Payment options limited during computer transition

Customer options for paying Tacoma utility bills will be cut back for three days while Tacoma Public Utilities and the city implement new computer and business systems. All nine PayStations and the Service+ automated telephone payment system will be shut down Friday, Oct. 24 through Sunday, Oct. 26.

During this time, Public Utilities will temporarily re-open its payment drop box in front of the Public Utilities Administration Building for those who can pay by check or money order. Customers should not put cash in the drop box.
Tacoma Public Utilities’ Customer Service Office and Electrical Inspection Office will be closed Monday, Nov. 3, to both telephone and walk-in businesses. All other areas of Tacoma Public Utilities will be open for business as usual.

Signs will be posted at all PayStations and at the Public Utilities Administration Building notifying customers of the temporary closures.
Customers can continue to mail their bill payments by check in the envelope included with the bill.

Public Utilities has modified its collection schedule for delinquent bills so that no service cuts for non-payment will be made on Nov 3.

“We recognize that these closures will cause inconvenience for some of our customers. Unfortunately, they are necessary so we can make the transition to our new information system,” said Bill Schatz, customer service manager. “Employees will be working around the clock during that last week before we go live with the new system. When we open for business no Nov. 4, we’ll be using our new customer information system.”

From Oct. 27 to Nov. 4, customer transactions, such as payments and service changes, will be recorded on paper.

Schatz estimated that some 30,000 transactions recorded during the week will have entered into the new system.

Tacoma Public Utilities maintains billing and payment records for 156,000 Tacoma Power customers; 93,000 Tacoma Water customers; 57,000 Public Works Department solid waste customers; 59,000 Public Works wastewater customers; and 66,000 Public Works surface water customers.

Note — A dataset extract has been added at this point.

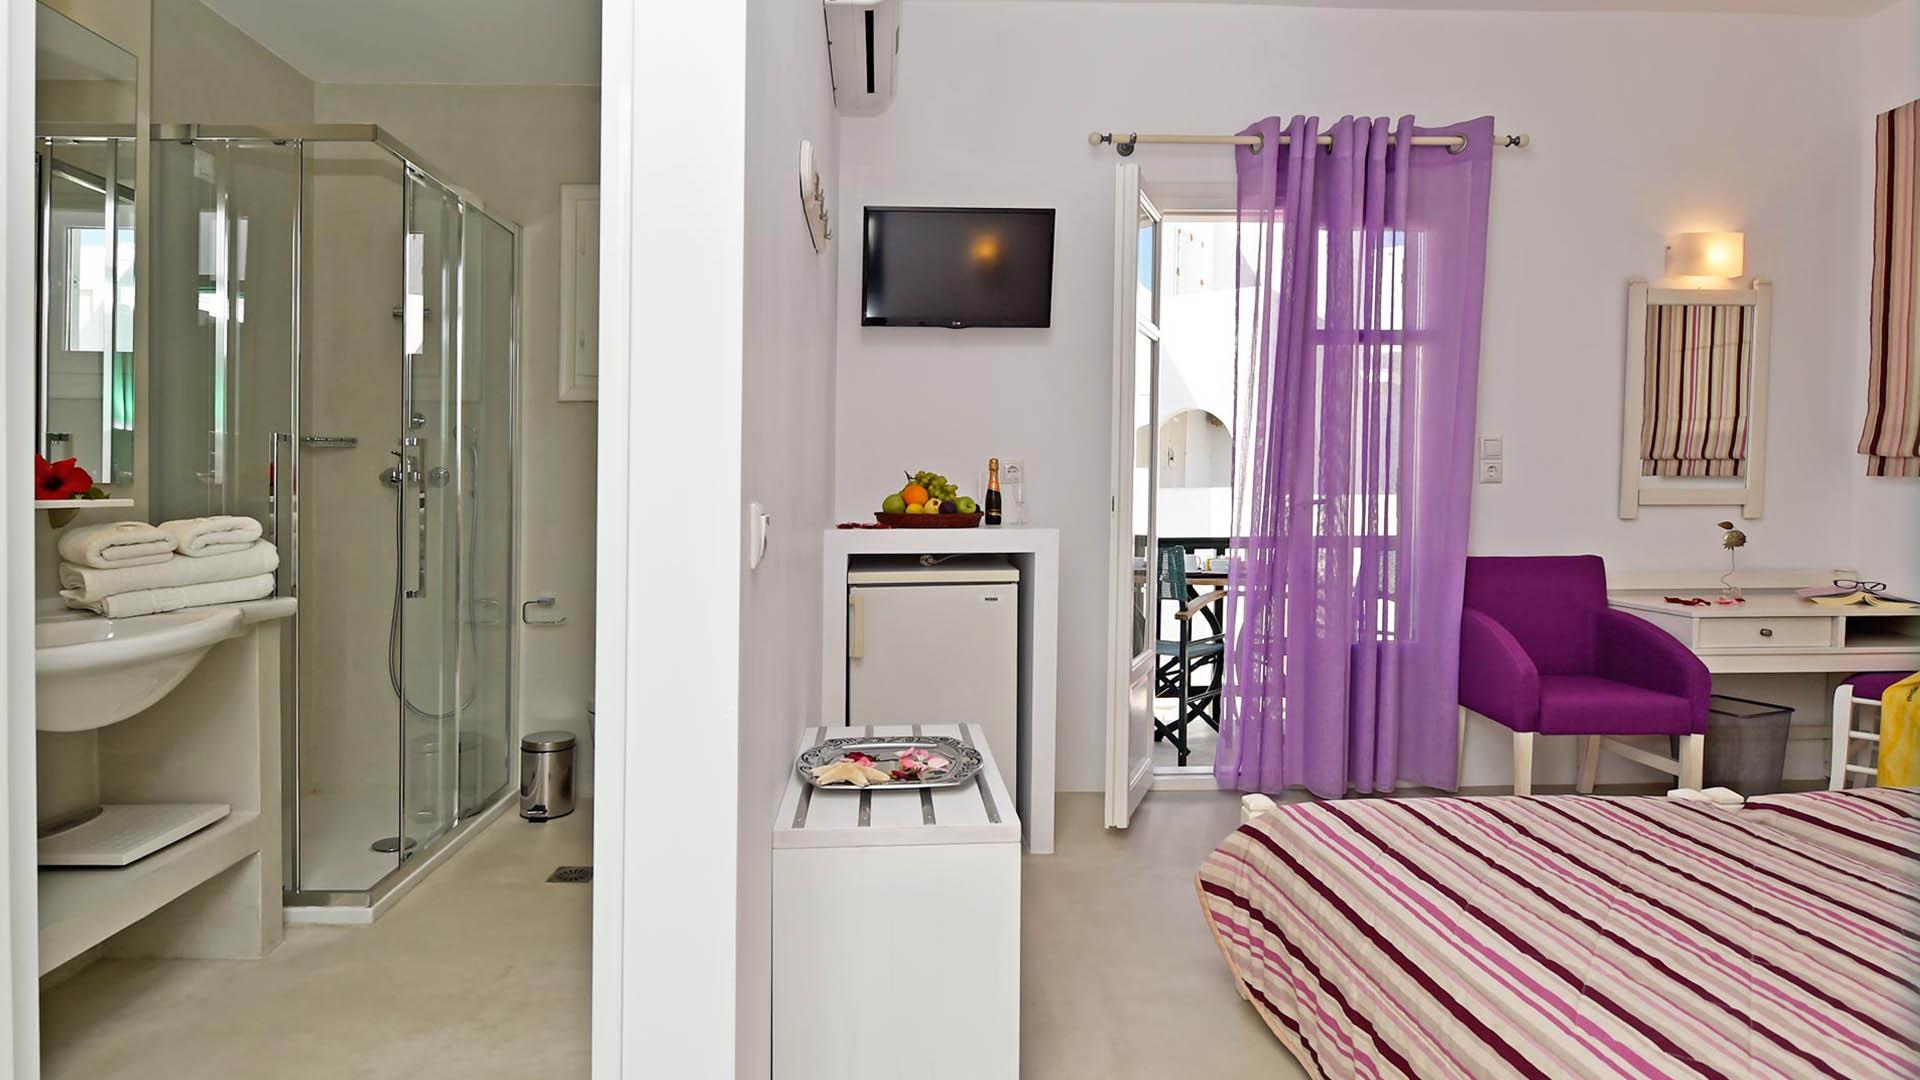 Η-_0002_01kalypsohotel-double-triple-rooms
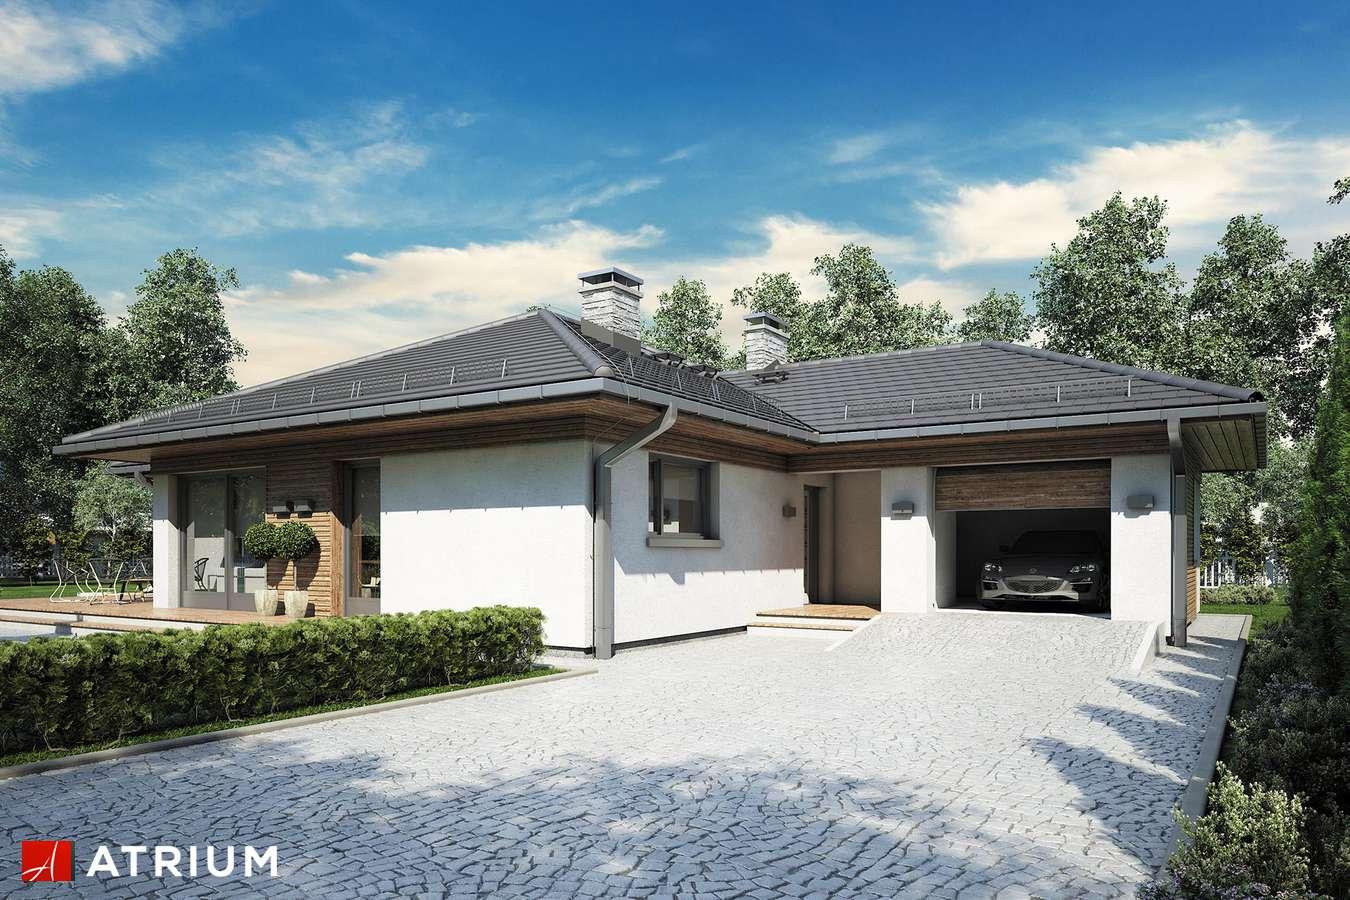 Projekty domów - Projekt domu parterowego MERIDA - wizualizacja 1

“Employees have spent hundreds of hours training on the new system, but introducing any new computer system will result in a few bumps as employees become more familiar with the new system and its features,” Schatz said. “We ask our customers’ patience while we make the transition.”

The Business Systems Improvement Project (BSIP) is a $50 million software project to replace the city’s aging financial management, human resources, work management and customer information systems.